Google has significantly impacted the font ecosystem by offering free, open-source fonts like Roboto, widely used across platforms such as Android and the United Nations website. This approach supports designers by providing accessible resources while fostering creativity.
“Google has done a great thing by doing that. A number of people in the type industry are supported by the open approach that Google takes.” – Lucas Zarnicki [21:40]
Designing a font involves meticulous attention to detail. Each glyph must be unique yet coherent within the typeface, balancing aesthetic appeal with functionality. This complex process can take months to years, demanding both creative and technical expertise.

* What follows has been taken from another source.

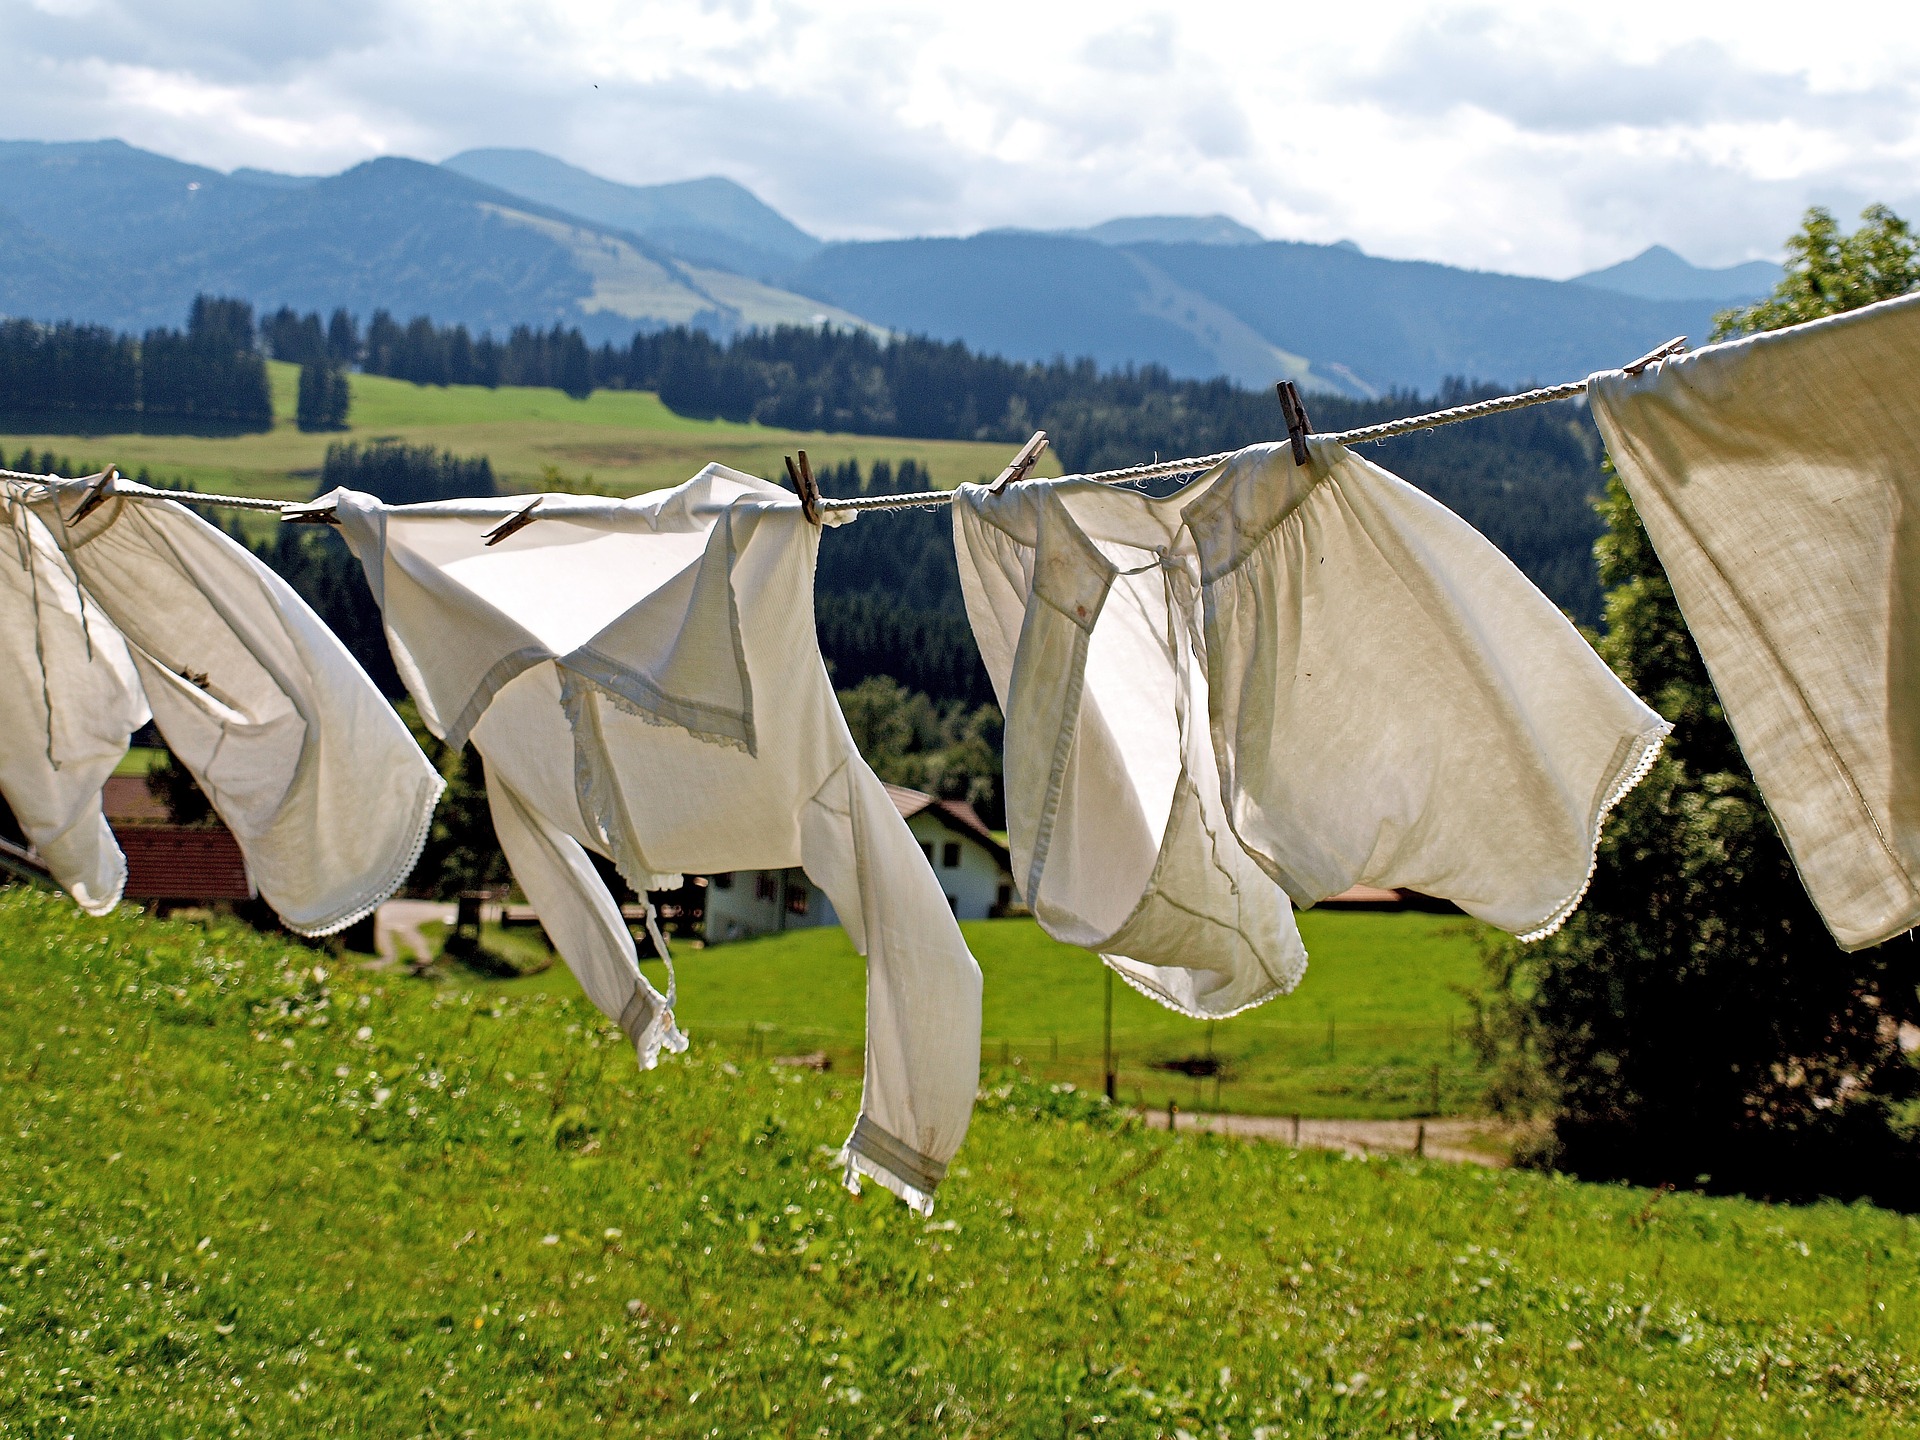 Shirts drying on a washing line

“Let’s take the lowercase e. It has to look like a lowercase e, but it can’t look exactly like any other lowercase e that’s ever been made... every letter or glyph has a complex anatomy.” – Lucas Zarnicki [22:01]
Successful foundries like SharpType have seen significant growth and profitability through strategic licensing and custom font projects. The sale of half their font library to Monotype marked a pivotal moment, allowing designers to focus on creative endeavors rather than business maintenance.

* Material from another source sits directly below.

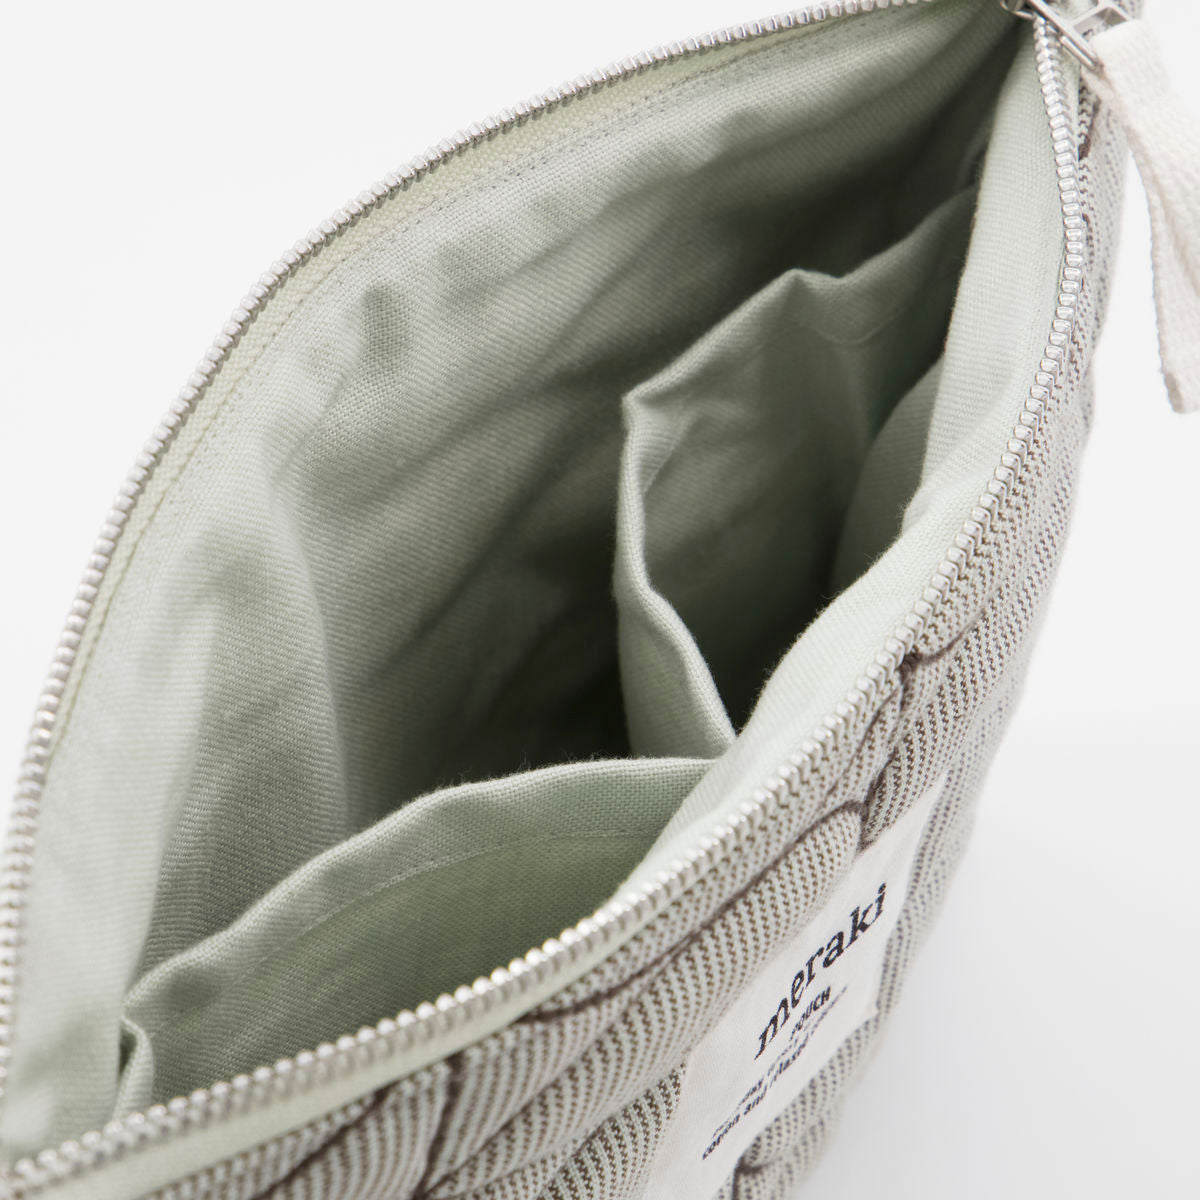 Meraki makeup purse, mentha, light gray/army green

“They were getting to just focus on doing what we really love, which is to just draw cool new stuff. Telling a story with each typeface is the exciting part.” – Lucas Sharp [23:49]
Fonts are more than mere tools for communication; they are vital economic assets and cultural artifacts shaping how information is presented and perceived. The intricate balance between design artistry and business acumen defines the dynamic landscape of the font industry.
“If you’ve got an idea, our inbox is always open. It’s everydaythings.freakonomics.com” – Zachary Crockett [24:23]
Key Takeaways:
Economic Significance: Fonts represent a billion-dollar industry with extensive licensing and customization opportunities.
Artistic Process: Font design is a complex blend of creativity and technical precision, requiring detailed attention to each glyph and overall coherence.
Market Dynamics: Dominated by giants like Monotype, the distribution and licensing landscape presents both opportunities and challenges for boutique foundries.
Legal Landscape: Proper licensing is crucial to avoid legal disputes, highlighting the importance of intellectual property management in the font industry.
Open-Source Influence: Free fonts from companies like Google support the industry by providing accessible resources and fostering innovation.
For those intrigued by the intricate economics and artistry behind everyday fonts, this episode offers an enlightening exploration into how these small elements wield substantial influence in our daily lives.